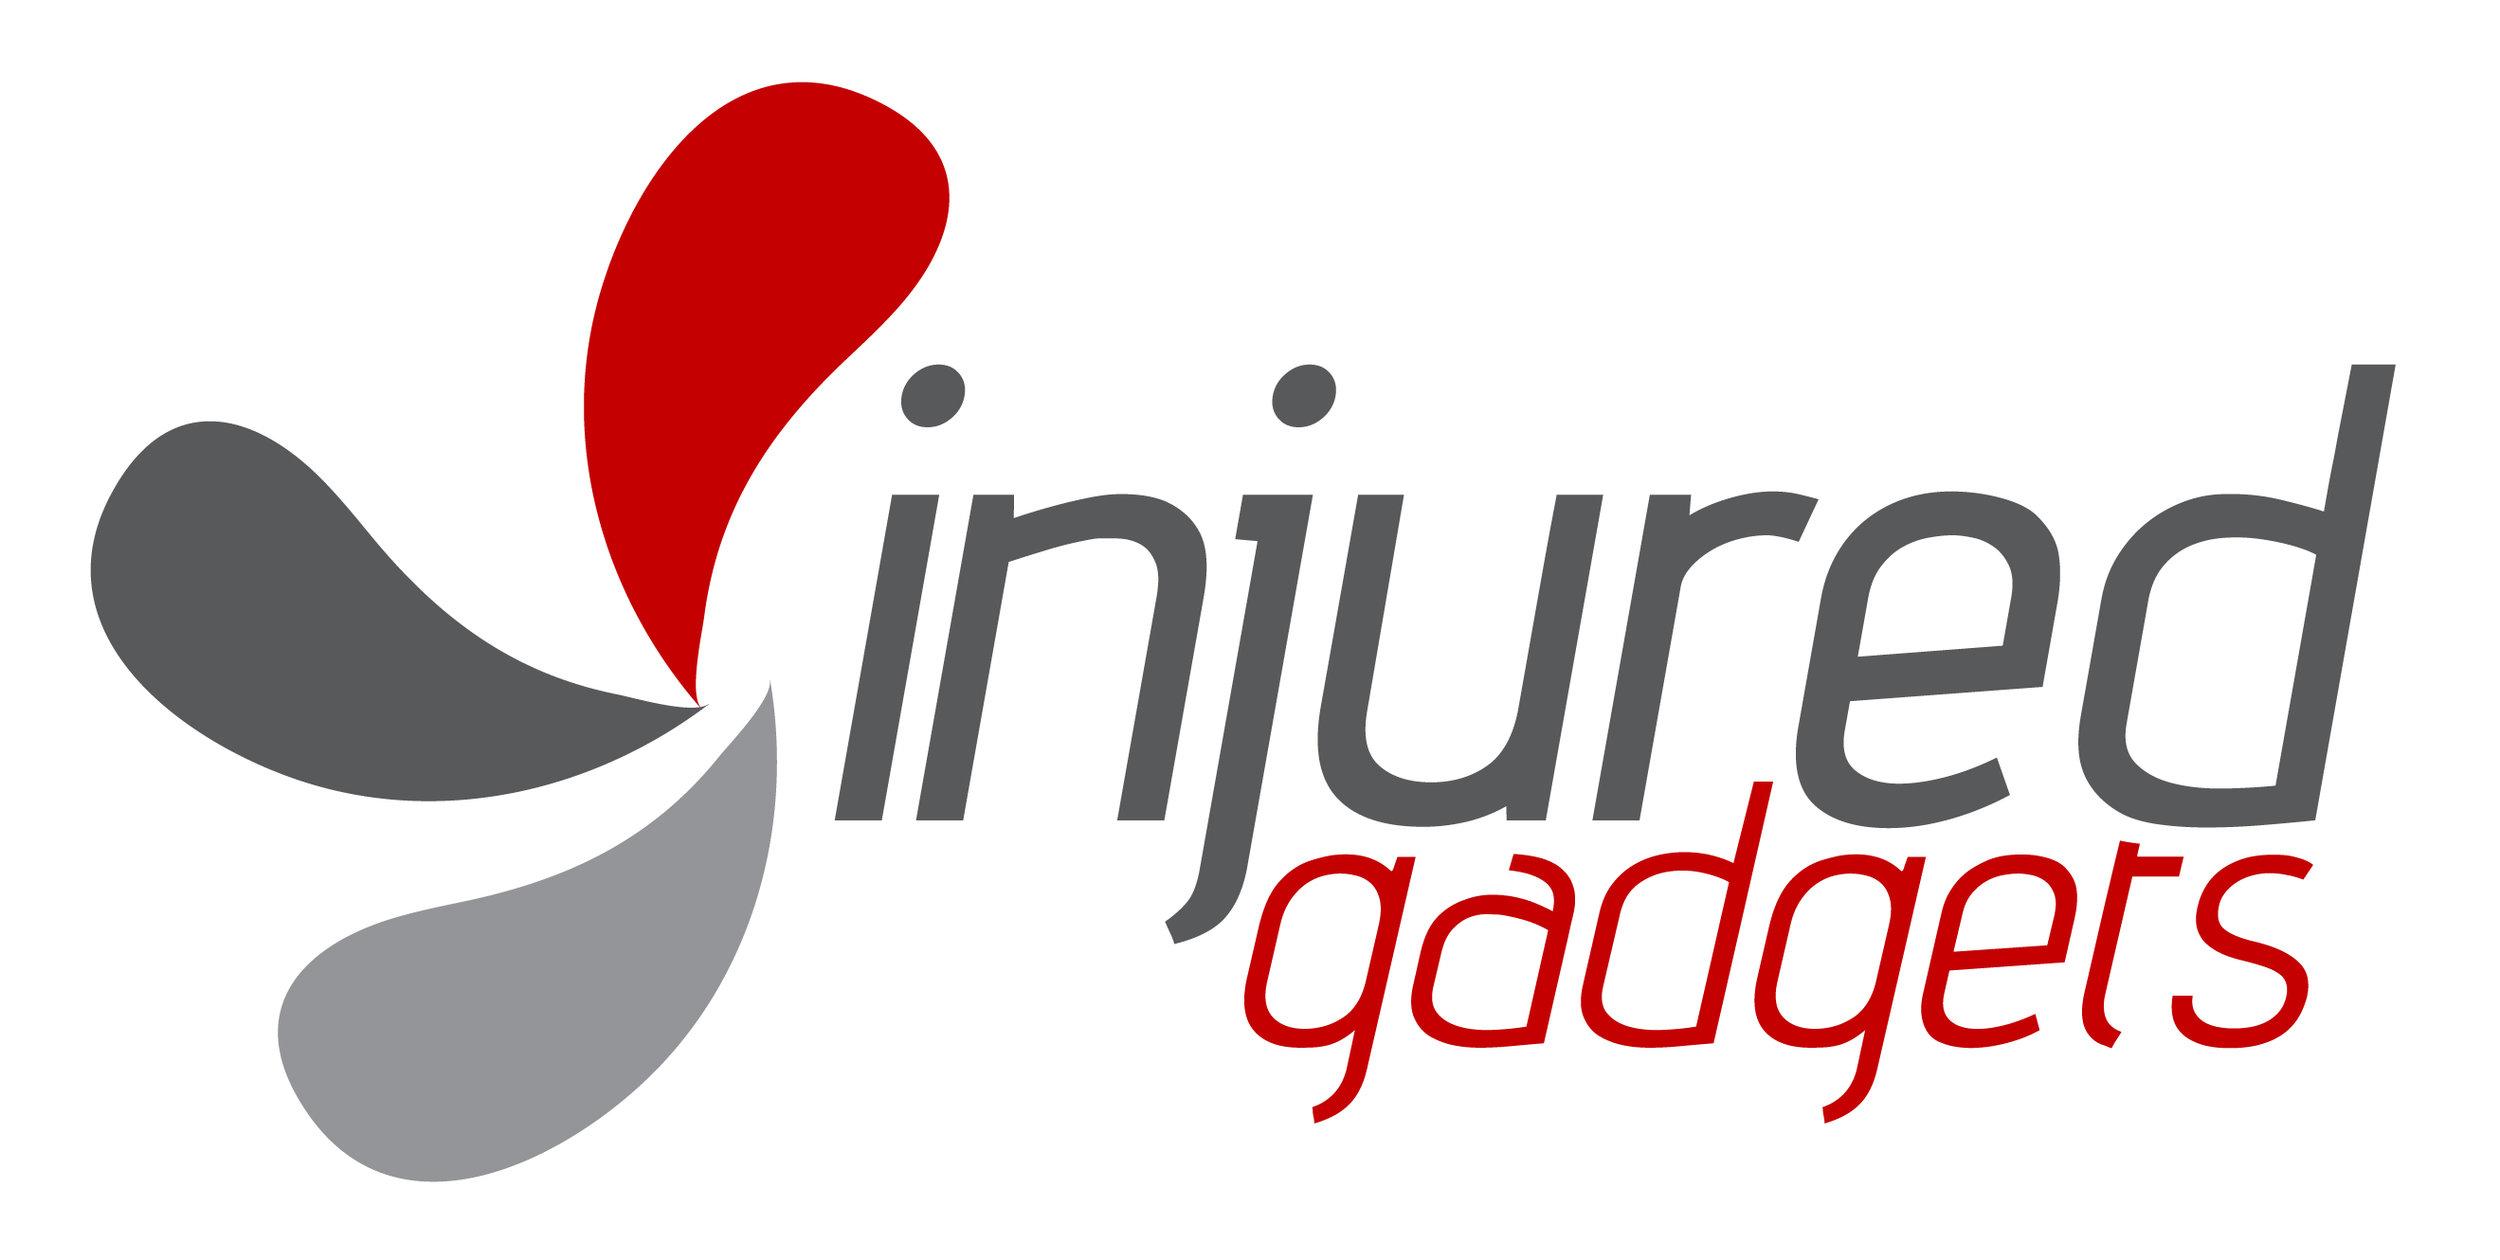 injured gadgets logo.jpg
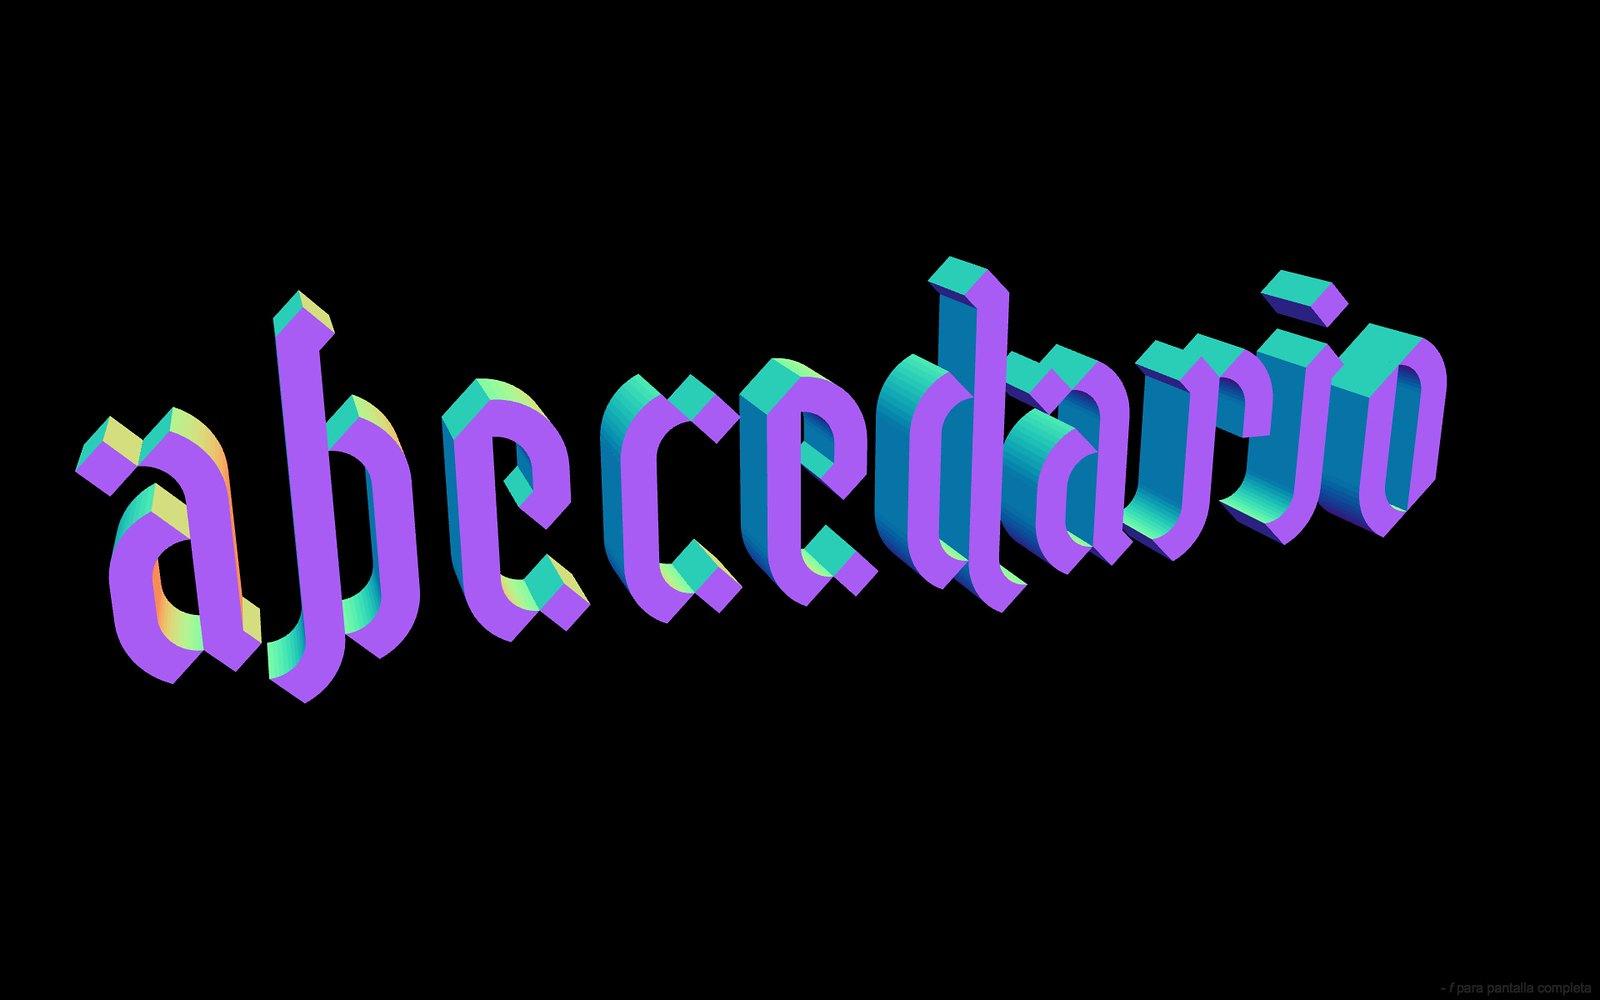 Gramapoética abecedario color
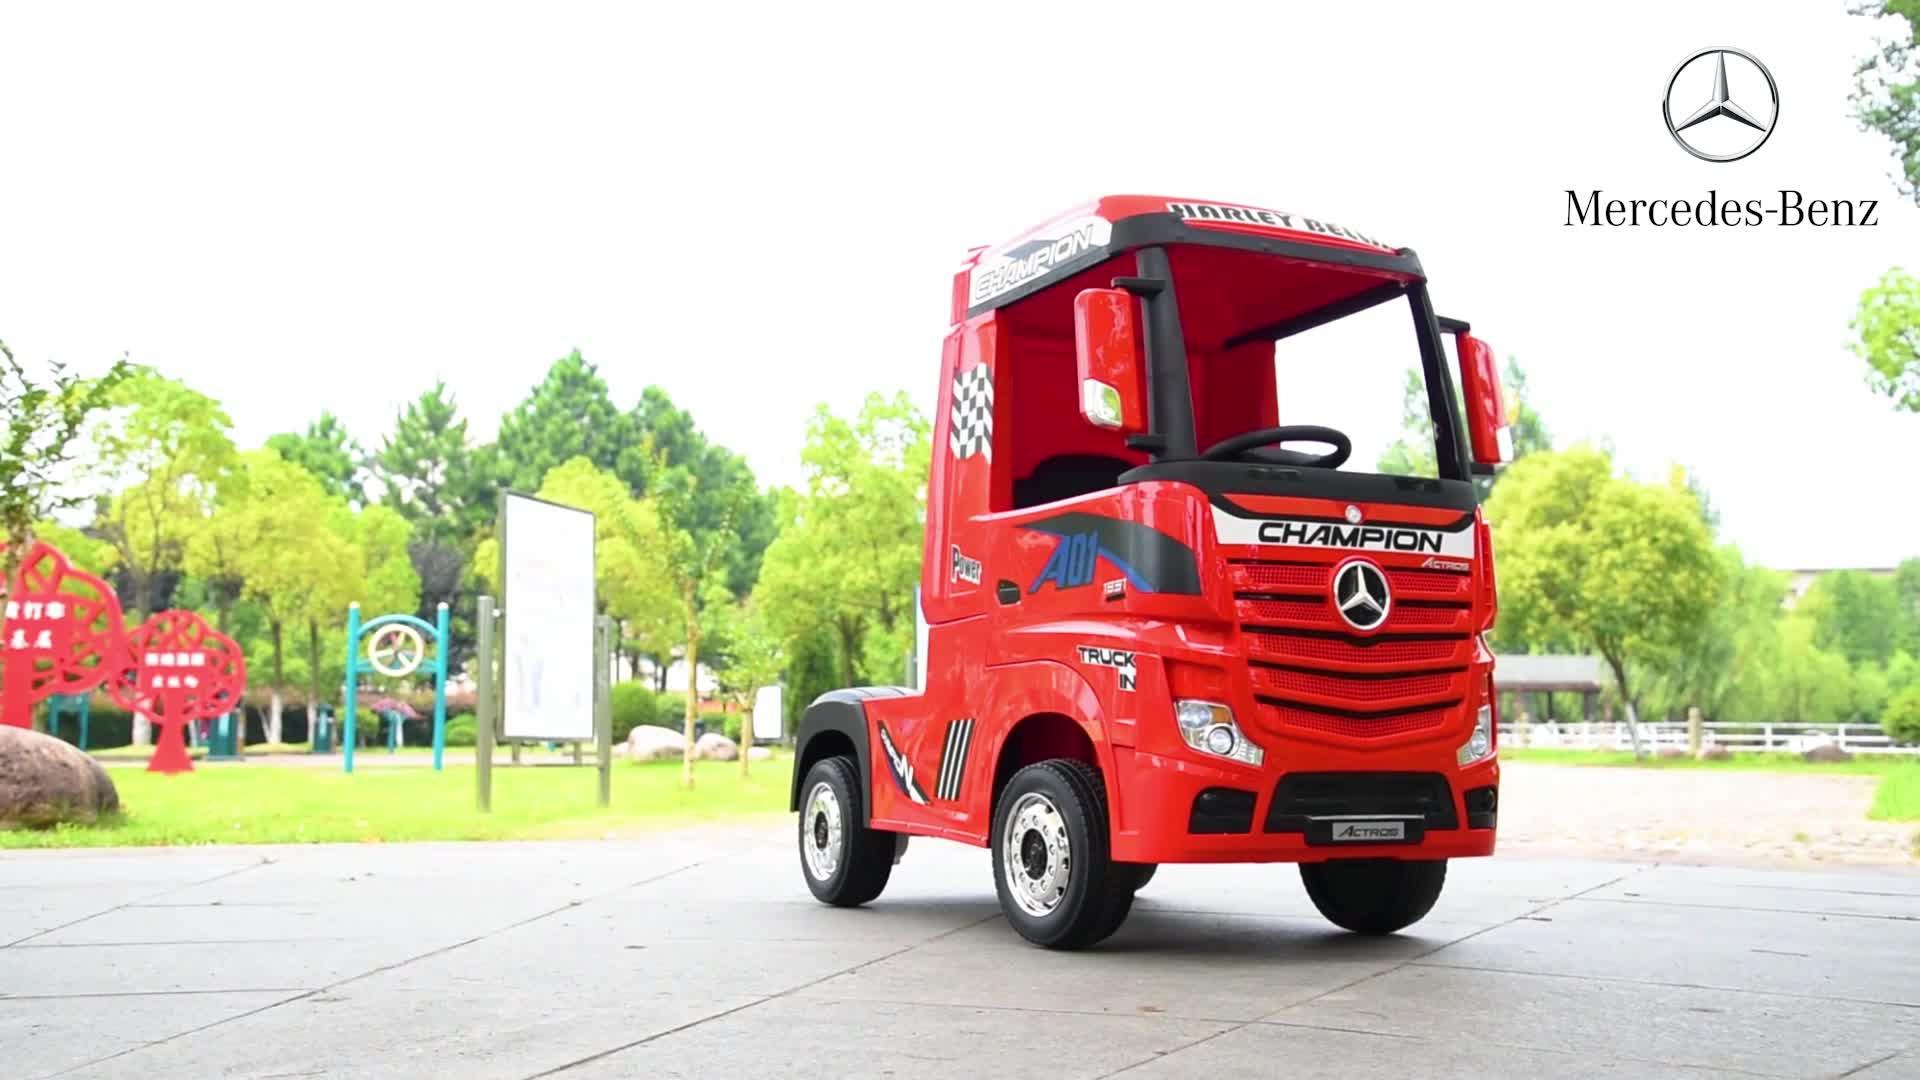 2020 licenciado mercedes benz caminhão bateria crianças carro operado a bateria carro em carros carro elétrico infantil

+++

* [WHAT TO WORK ON]: The reply should repeat the data in full, exactly as given, and contain no pictures.

* [ANSWER SPACE]:
 injured gadgets logo.jpg
 Gramapoética abecedario color
 2020 licenciado mercedes benz caminhão bateria crianças carro operado a bateria carro em carros carro elétrico infantil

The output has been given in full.